● **Task objective**:
Reproduce the listing exactly and skip over any pictures.

● **Source material**:
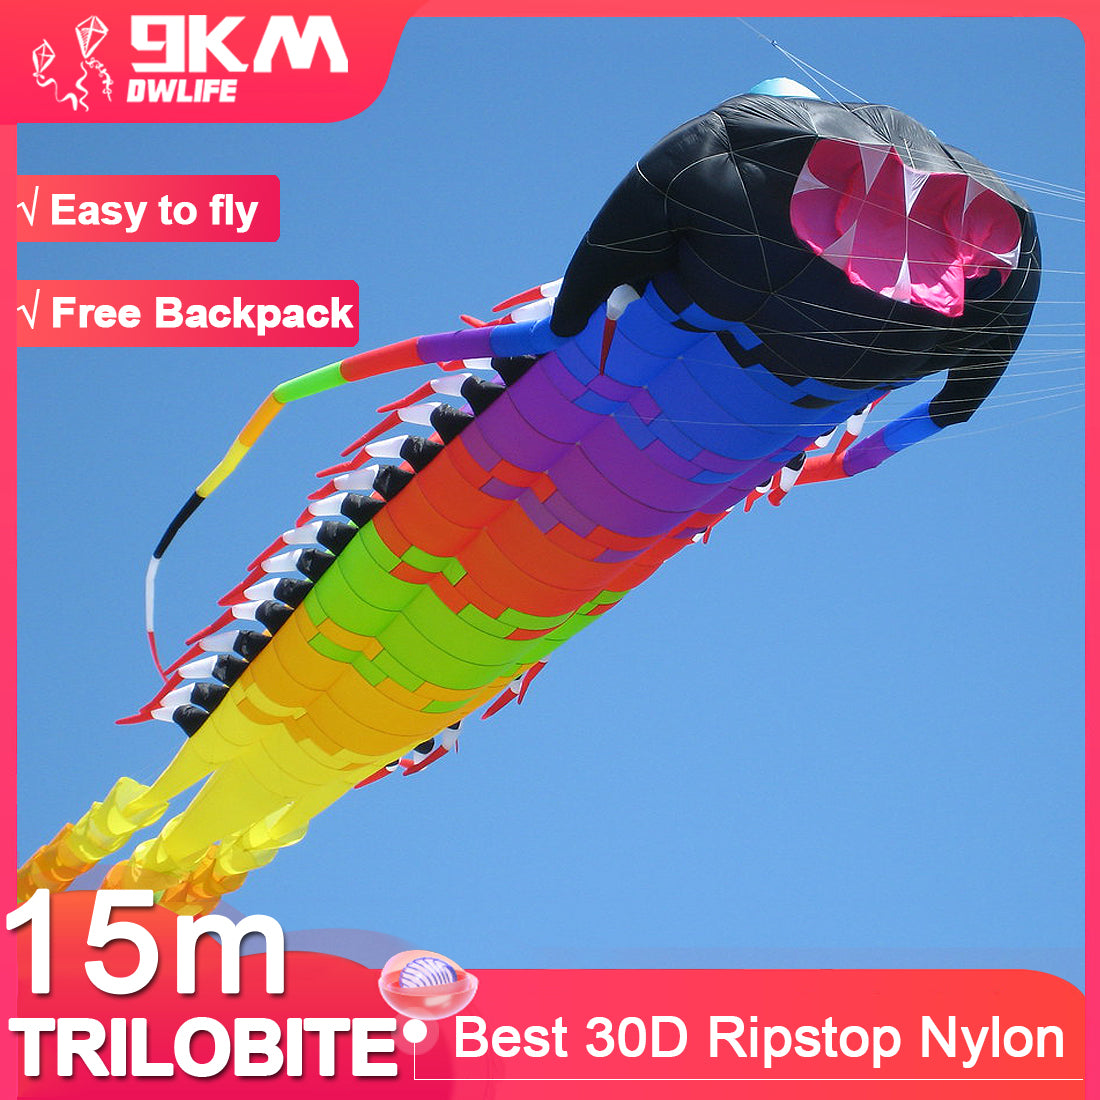 15m Ancient Trilobite Kite Line Laundry Kite Soft Inflatable with Bag
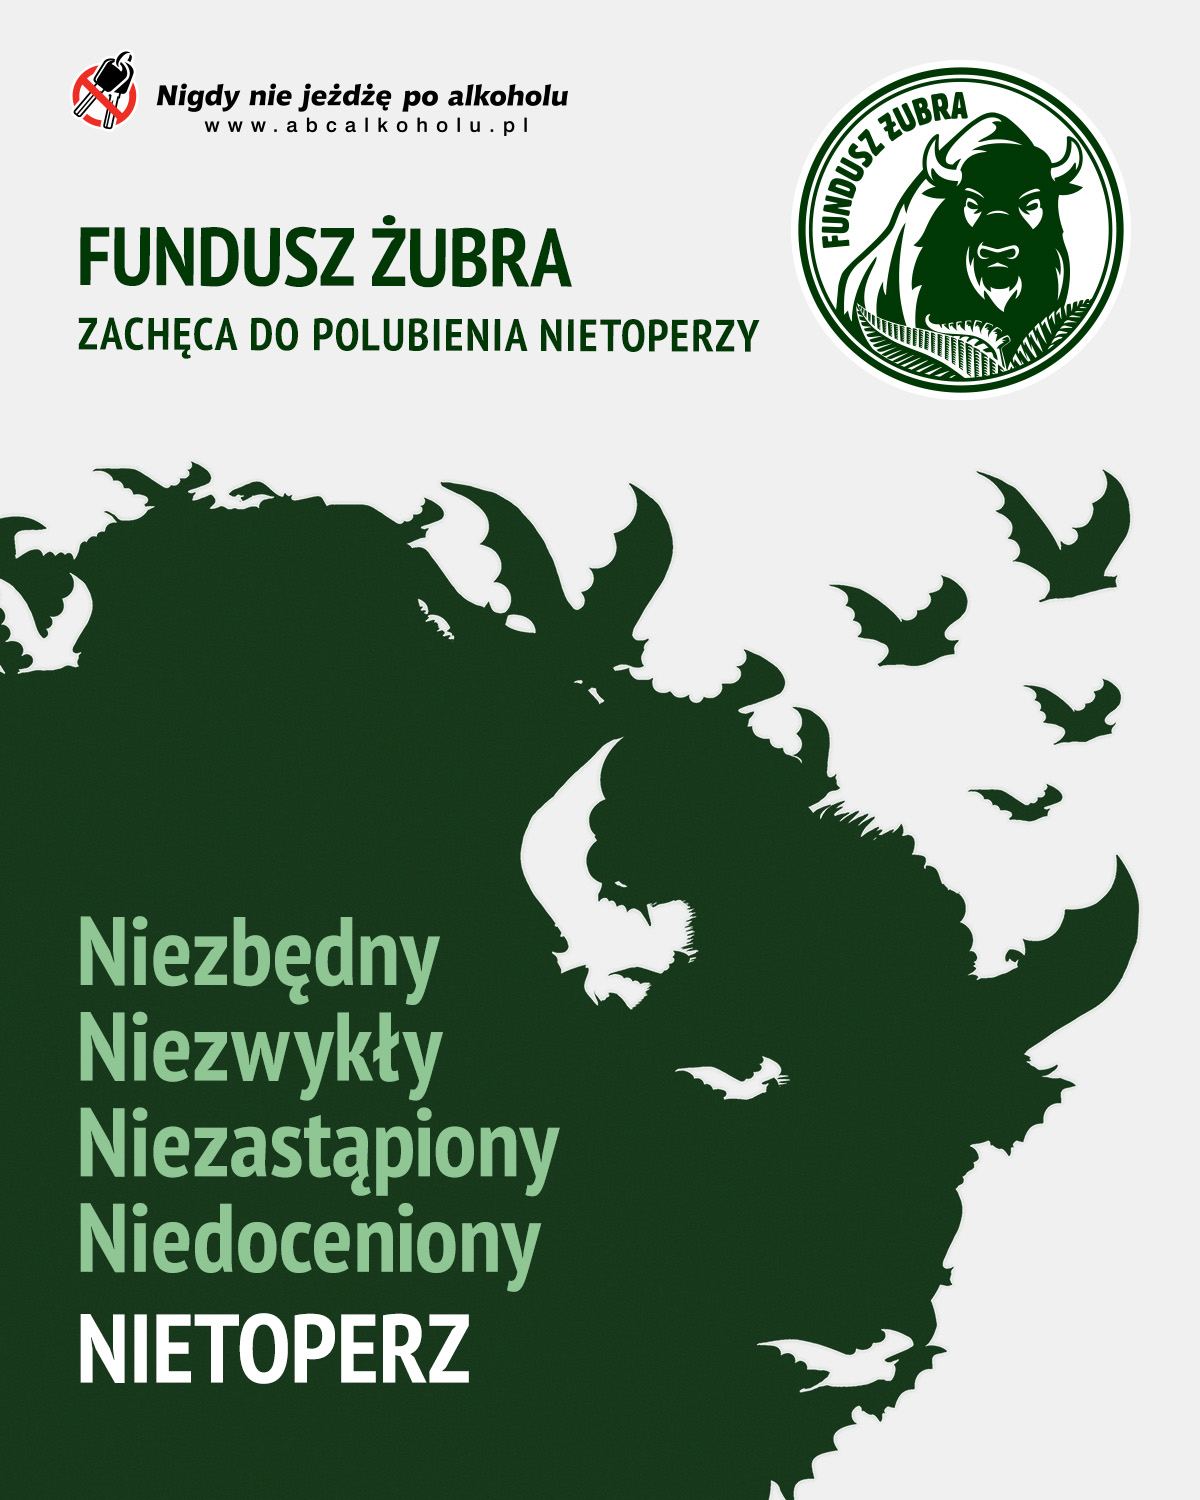 Żubr’s Fund encourages to come to like bats
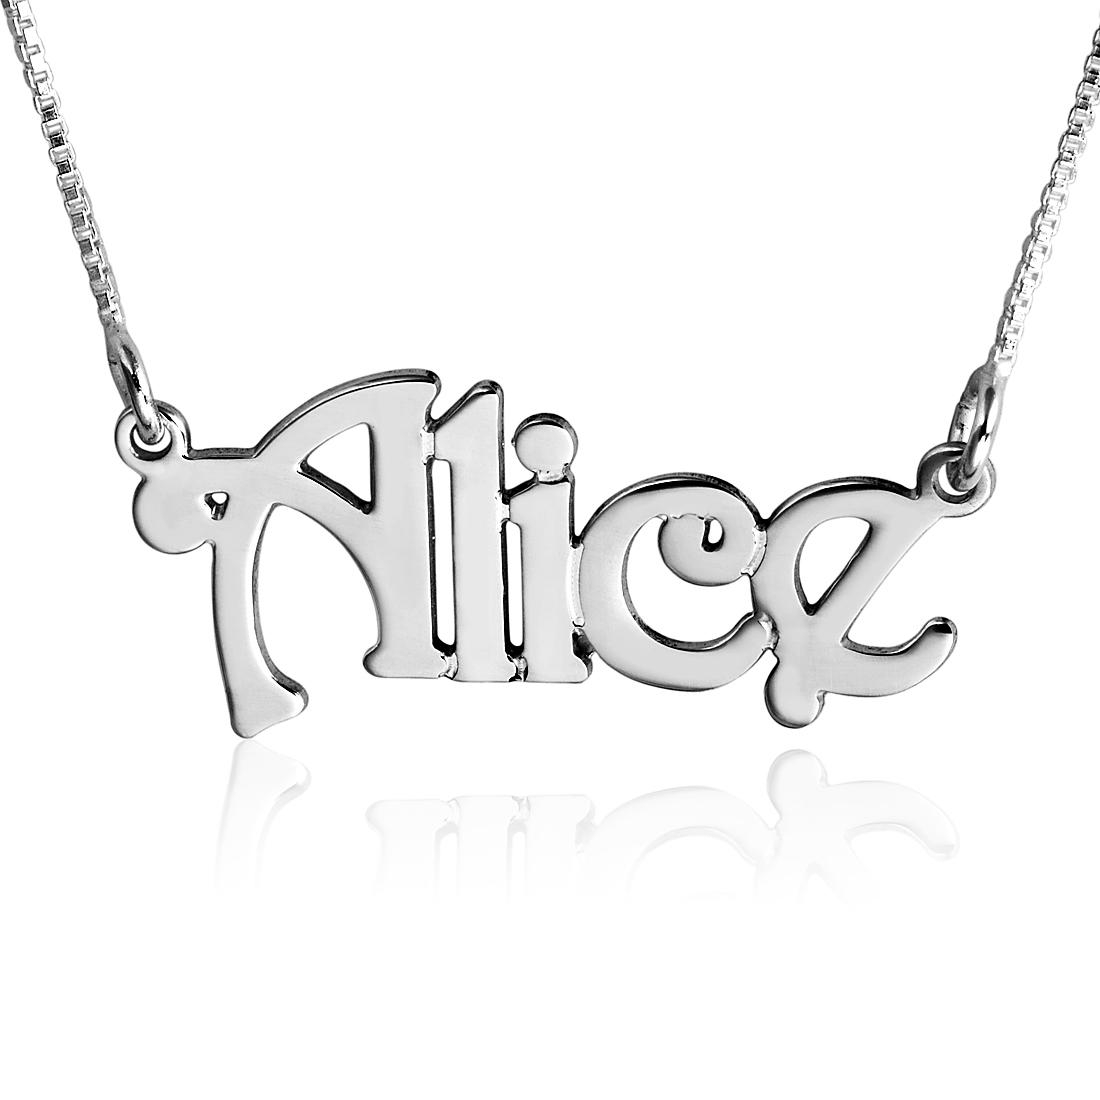 14K White Gold Victorian Style Name Necklace - 1
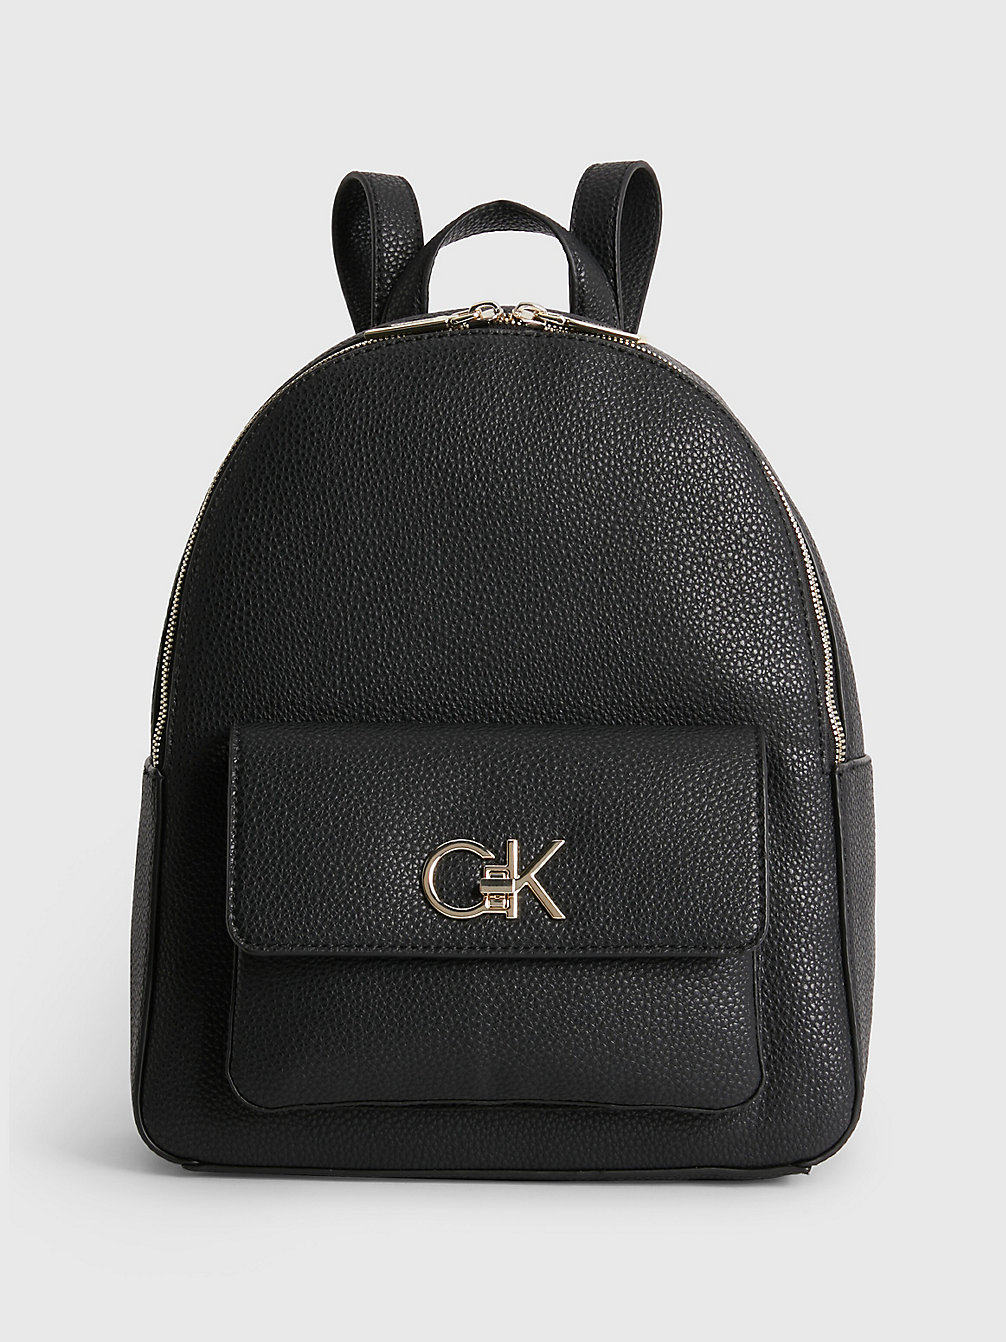 CK BLACK Recycled Round Backpack undefined women Calvin Klein

● **Exercise result**:
 15m Ancient Trilobite Kite Line Laundry Kite Soft Inflatable with Bag
 Żubr’s Fund encourages to come to like bats
 14K White Gold Victorian Style Name Necklace - 1
 CK BLACK Recycled Round Backpack undefined women Calvin Klein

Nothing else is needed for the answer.